Pub Date : 2019-01-01 DOI: 10.26502/fjwhd.2644-28840013
Tanya Connell
Background: Women are not universally or routinely screened ante-or postnatally for psychosocial risk factors, depression and anxiety in the private sector in Australia. There are limited studies that explore health professionals’ views on screening or perceived barriers to the screening process. Aim: The aim of this study was to discuss the health professionals’ views of psychosocial screening and assessment who work in the private obstetric sector. Methods: Semi-structured face-to-face interviews were completed with 11 midwives, 1 social worker and 2 obstetricians. Three hospital sites were chosen, of which only one currently screens women for psychosocial risk factors. Thematic analysis was applied to interview transcripts. Three researchers then discussed reoccurring themes and a consensus in themes and subthemes was reached. Results: Only one hospital was screening women and had midwives trained in psychosocial assessment including depression screening. There were mixed views on the process and barriers to screening were identified, e.g. lack of support systems, cultural barriers, inaccurate answers, power barriers with obstetricians, husband interference, fear and powerlessness. Benefits were recognised: early identification of difficulties, standardisation and patient-focused care. Concerns were, however, also evident: suicide ideation, intrusiveness of questions, whether women responded honestly, not wanting to screen all women. Conclusion: There was an identified concern by midwives that obstetricians did not take seriously any concerns highlighted by the midwife about women’s psychosocial problems. There was a sense of a lack of ‘ownership’ of the women, therefore a feeling of helplessness in addressing their needs. Suggestions were made: appropriate education and training of midwives, flagging high risk women, more in-house resources and external resources/community links and employing a central midwife with interest and expertise in psychosocial screening.

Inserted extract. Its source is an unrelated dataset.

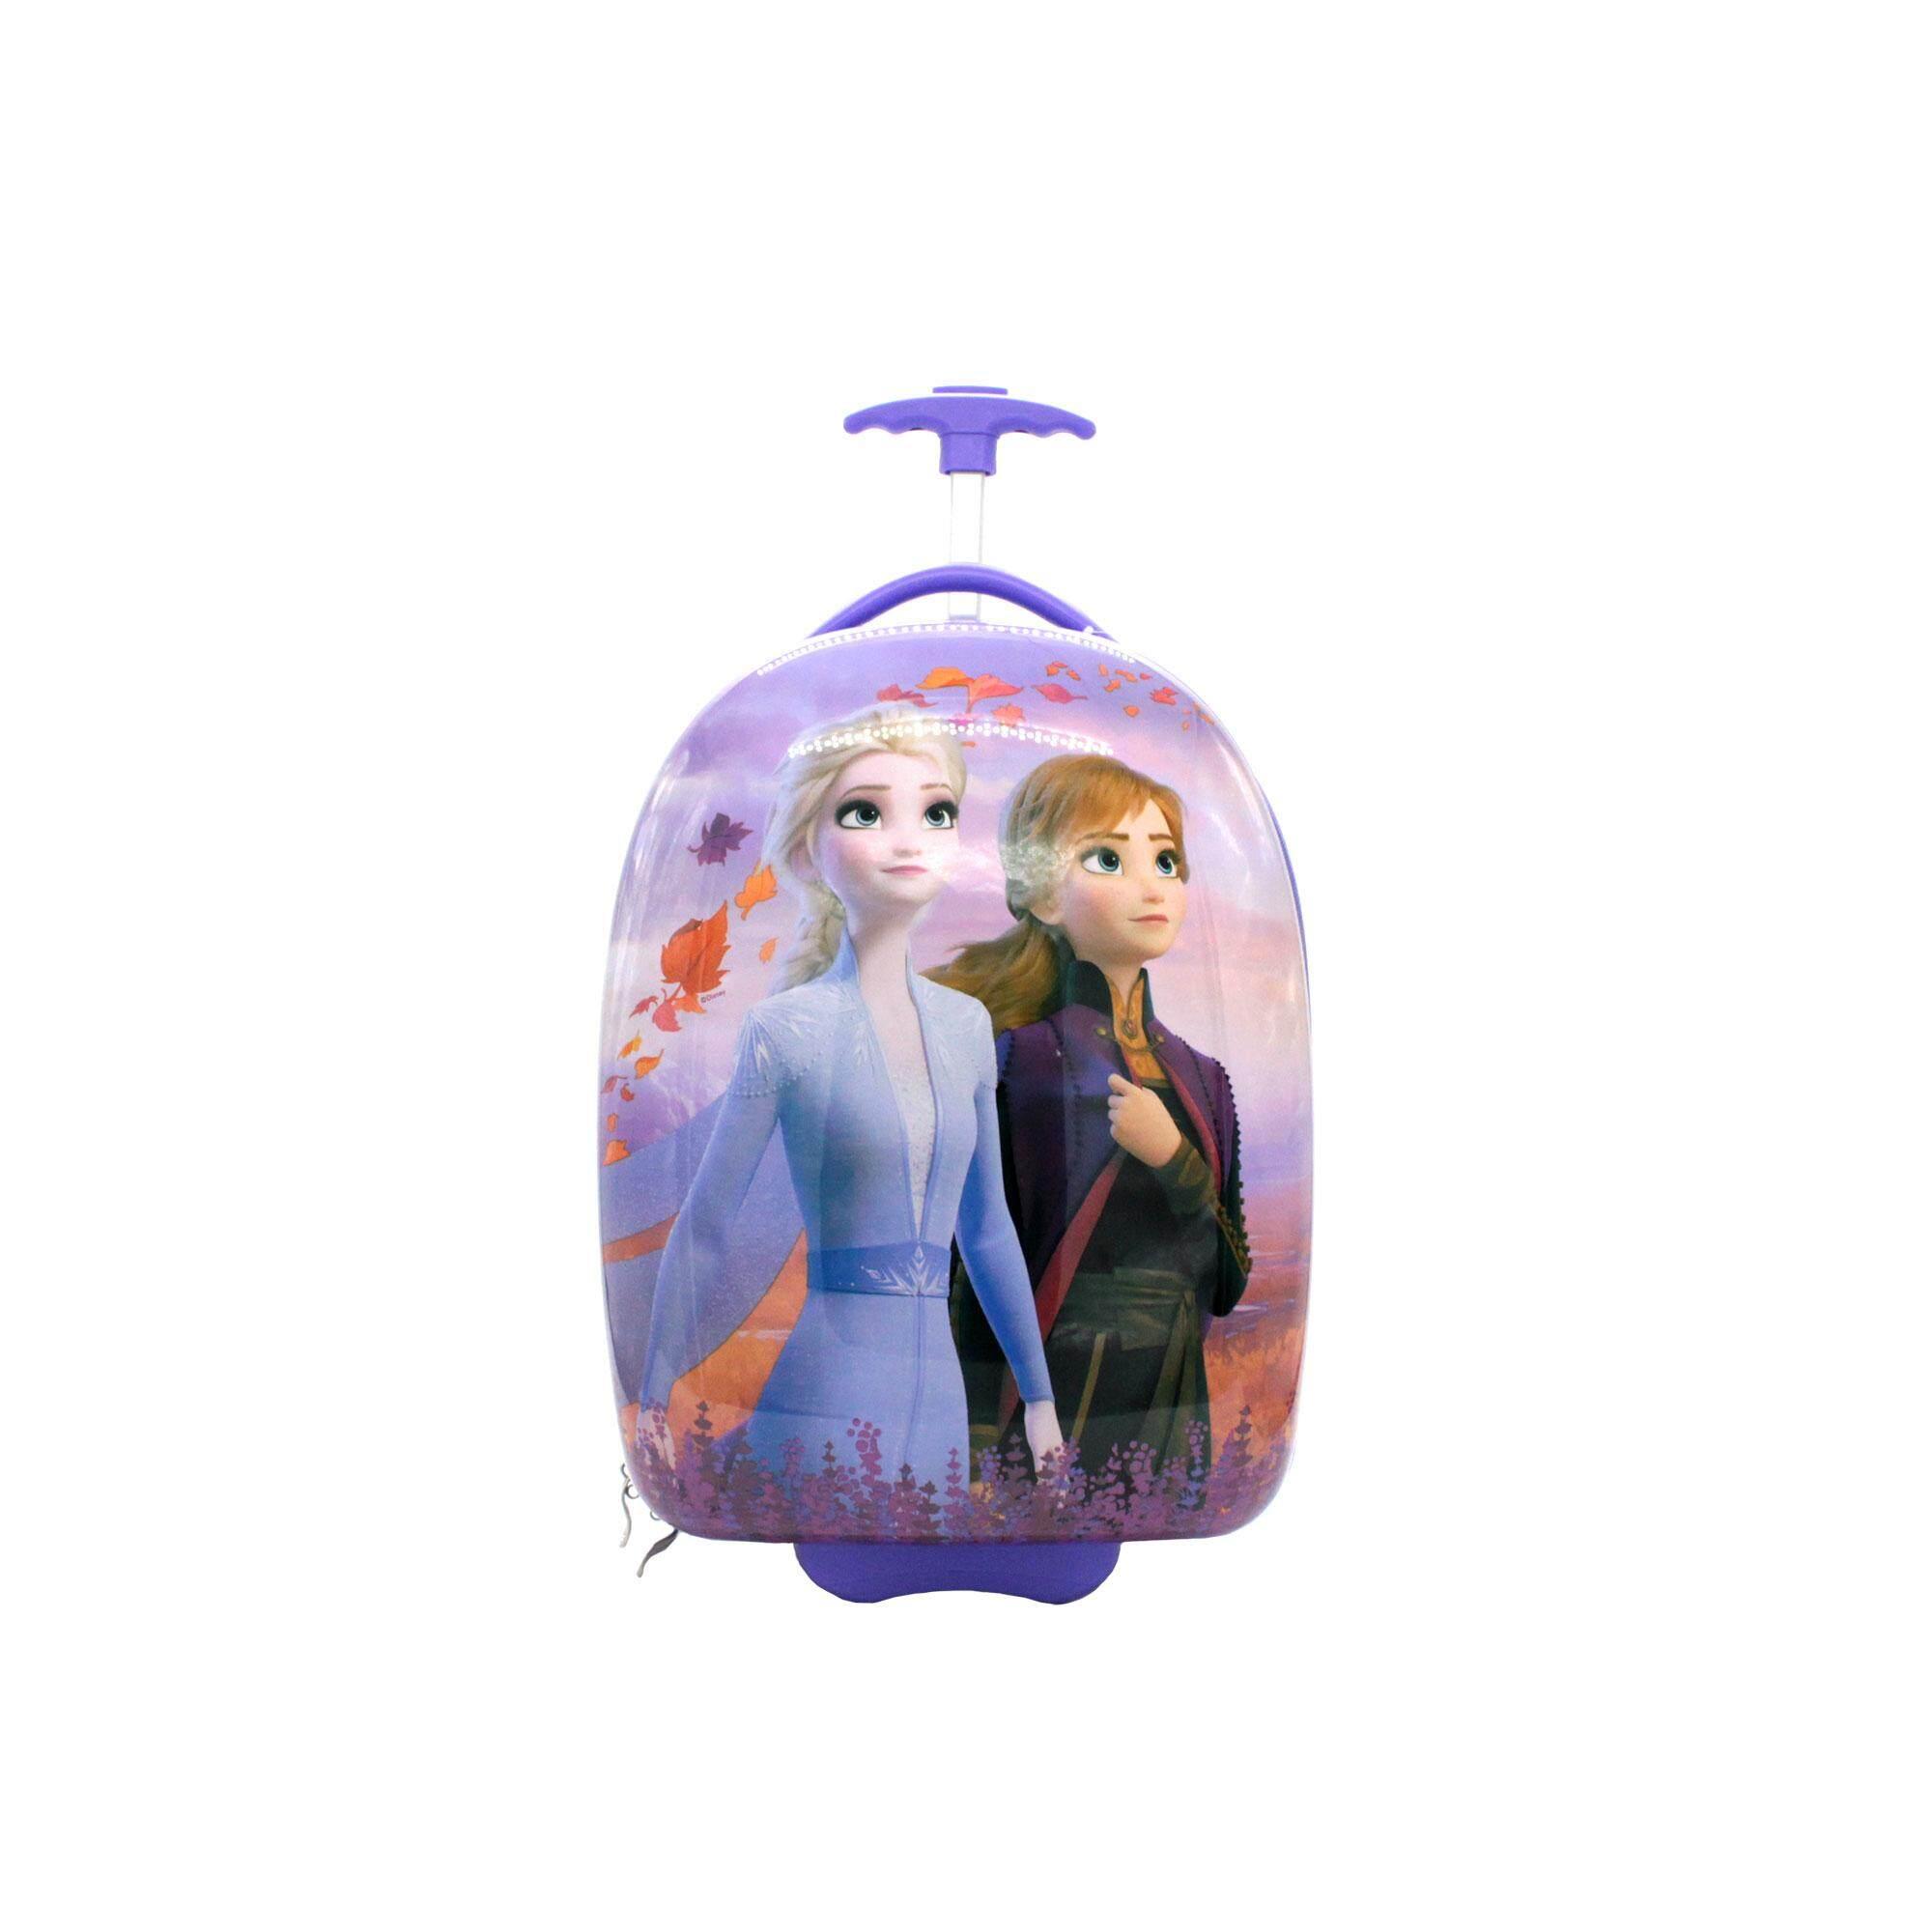 Disney Princess Frozen 2 : 18 Inches Round Shape Luggage - Elsa & Anna

背景:在澳大利亚的私营部门,妇女没有普遍或常规地在产前或产后进行心理社会风险因素、抑郁和焦虑的筛查。有有限的研究探讨卫生专业人员对筛查的看法或对筛查过程的感知障碍。目的:本研究的目的是讨论在私营产科部门工作的卫生专业人员对社会心理筛查和评估的看法。方法:对11名助产士、1名社工和2名产科医生进行半结构化的面对面访谈。选择了三家医院,其中只有一家目前对妇女进行心理社会风险因素筛查。访谈笔录采用专题分析。然后,三位研究者讨论了重复出现的主题,并在主题和副主题上达成了共识。结果:只有一家医院对妇女进行了筛查,并且助产士接受了心理社会评估(包括抑郁症筛查)方面的培训。人们对筛查过程的看法不一,并确定了筛查的障碍,例如缺乏支持系统、文化障碍、不准确的答案、与产科医生的权力障碍、丈夫干预、恐惧和无能为力。好处是公认的:及早发现困难,标准化和以病人为中心的护理。然而,担忧也很明显:自杀念头、问题的侵入性、女性是否诚实回答、不想筛查所有女性。结论:助产士有一个明确的担忧,即产科医生没有认真对待助产士强调的关于妇女心理社会问题的任何担忧。有一种对女性缺乏“所有权”的感觉,因此在满足她们的需求时感到无助。提出了以下建议:对助产士进行适当的教育和培训,标记高风险妇女,增加内部资源和外部资源/社区联系,雇用对社会心理筛查感兴趣和具有专业知识的中心助产士。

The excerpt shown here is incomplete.